Abigail Pereira Aranha

Em que a sua mãe é diferente de qualquer mulher de baixa instrução, alienada, pouco inteligente, frustrada, pouco agradável e sexualmente reprimida e mal resolvida, e talvez até que é ou já foi bonita mas mais provavelmente é uma baranga? Já achou a pergunta pesada? Então continue lendo. E sem aquela de “baranga é a sua mãe” porque a gente ama as nossas velhas mas sabe que elas são feias mesmo.

Se em matéria de sexo as feministas dizem que a mulher aprende a se sentir culpada, os homens aprendem a ser incoerentes e hipócritas, além de meio burros nessa questão. Nós vamos explicar.

Você queria ver a mulher virar a mulher de antigamente? Aquela feiosa de rosto e de corpo, com nada que preste pra conversar (que não seja filhos, trabalho doméstico ou na roça), às vezes analfabeta, que achava que a maior qualidade ética de uma mulher era evitar falar com homens? E por que antigamente a mulher que se arrumava era vista como não sendo de família? Porque a mulherada era um bando de barangas. E provavelmente uma das barangas era sua mãe ou sua avó. Por que antigamente não era (considerado) direito um casal trocar carinhos em públicos? Ora, porque a regra de casamento era dois infelizes suportando um ao outro, e aí vêm aqueles dois dando sinais de felicidade?

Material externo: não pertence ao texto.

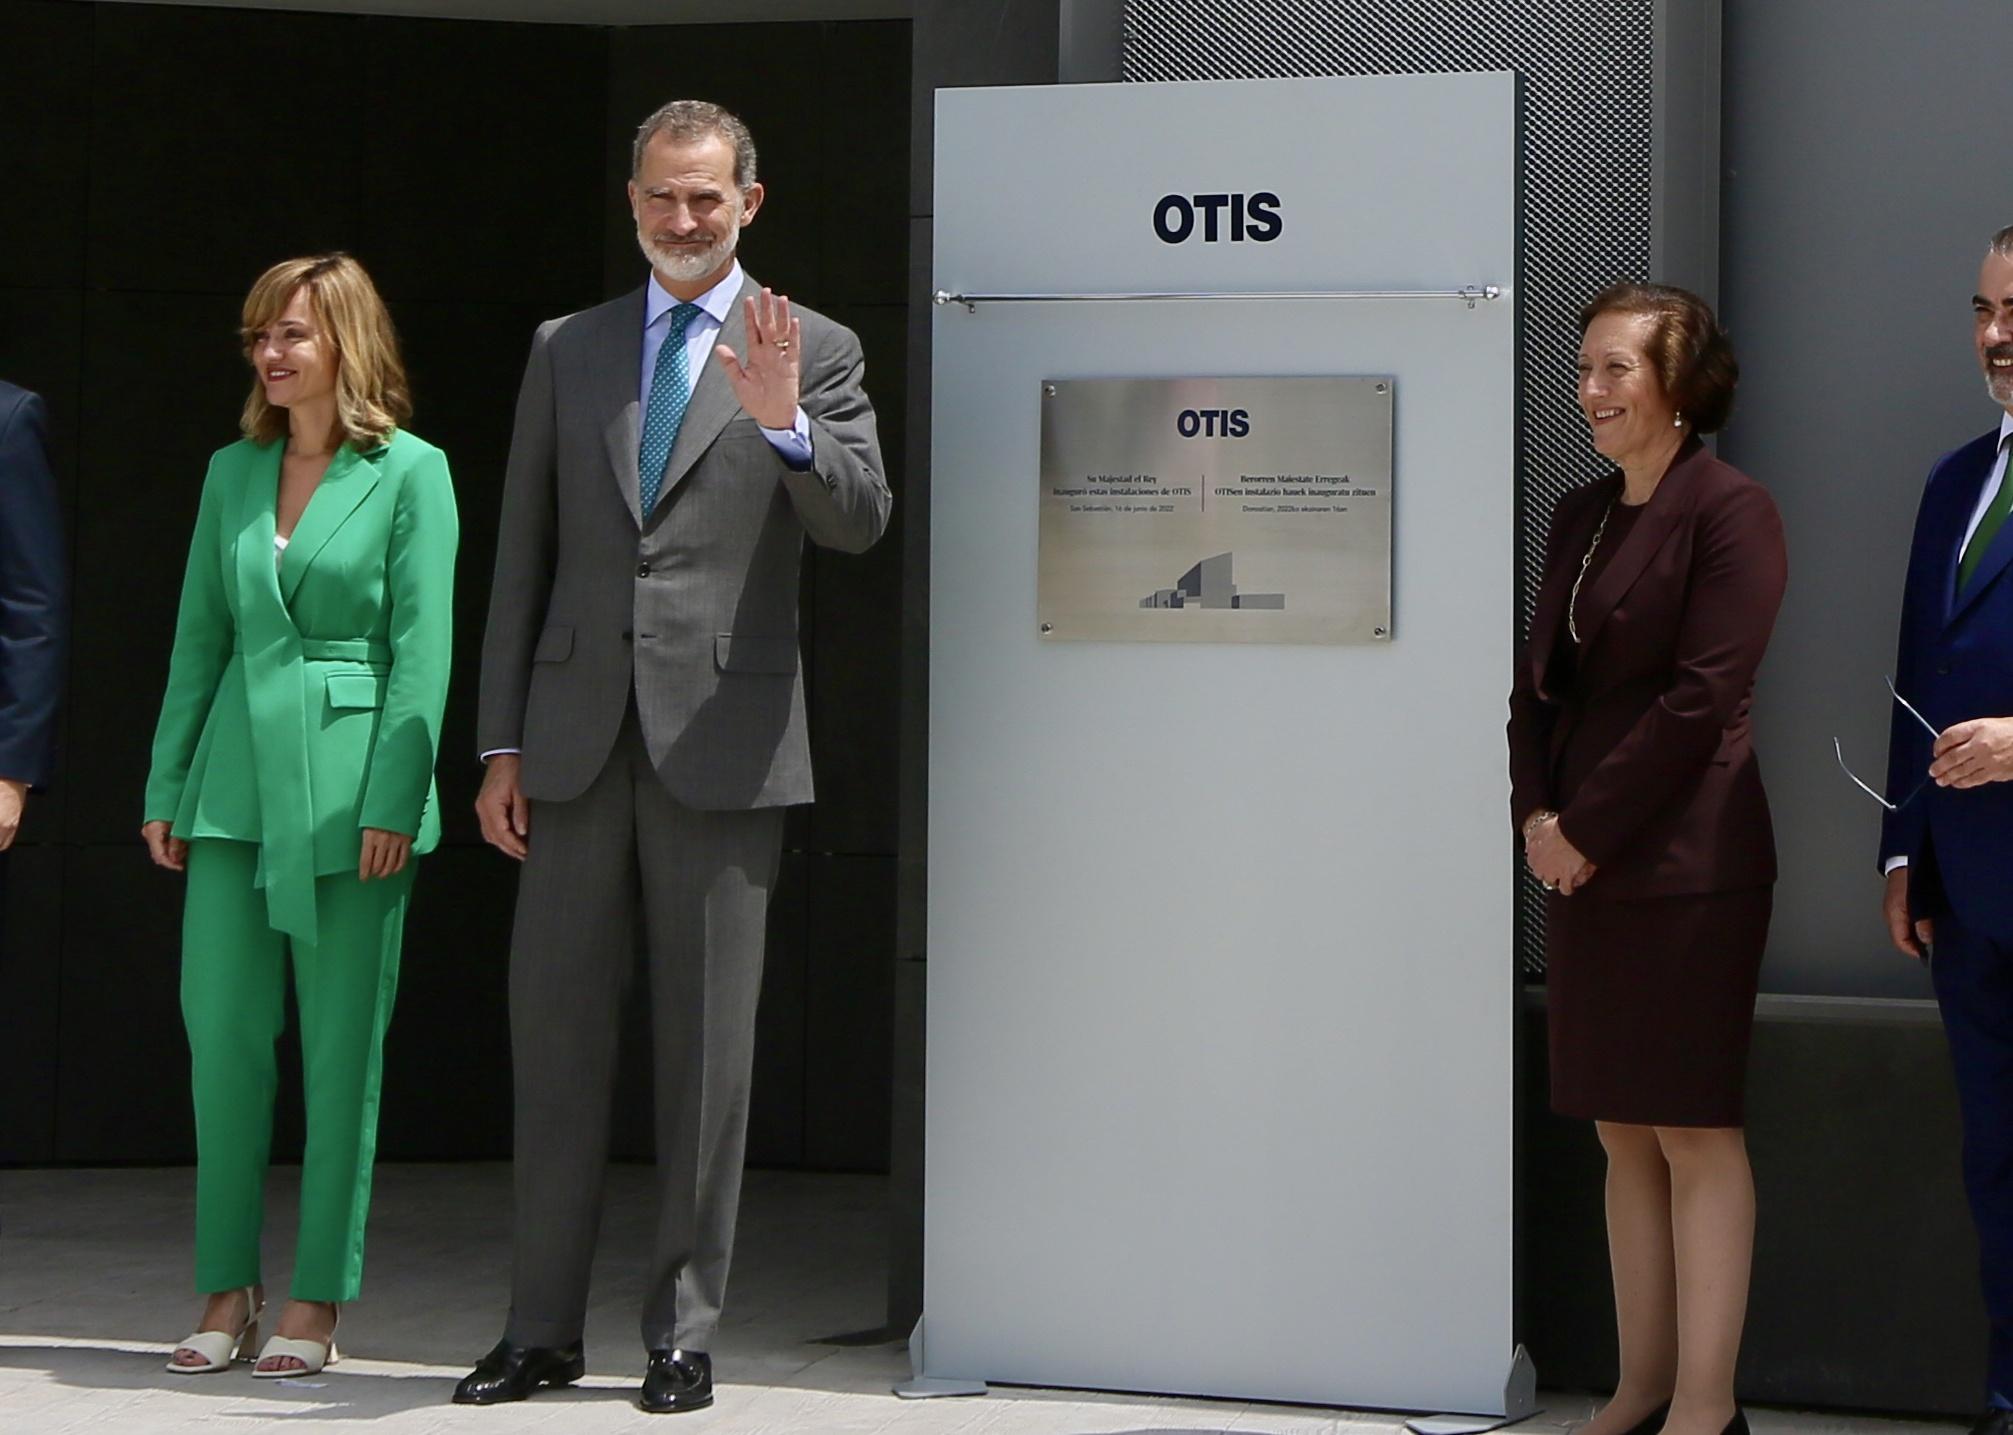 The Minister of Education and Vocational Training, Pilar Alegria; King Felipe VI and OTIS Worldwide CEO Judy Marks pose next to the inauguration plaque of a new OTIS factory.

Você detesta pornografia? Ótimo pra elas: você está pronto pra aceitar uma vida sexual medíocre. E que coincidência: quase todas as mulheres detestam sexo – inclusive a sua mãe. Você detesta as vadiazinhas que na adolescência estão dando pra tudo que é traste mas que esnobam o bonzinho? Você detesta que essas vadiazinhas acabem se casando com os bonzinhos depois que os corpinhos já estão detonados e elas já estão com filhos dos relacionamentos fracassados pra criar? Nós também ficamos indignadas. Mas se a vagabunda é um lixo, a mulher direita é outro lixo. Nós vamos explicar por quê.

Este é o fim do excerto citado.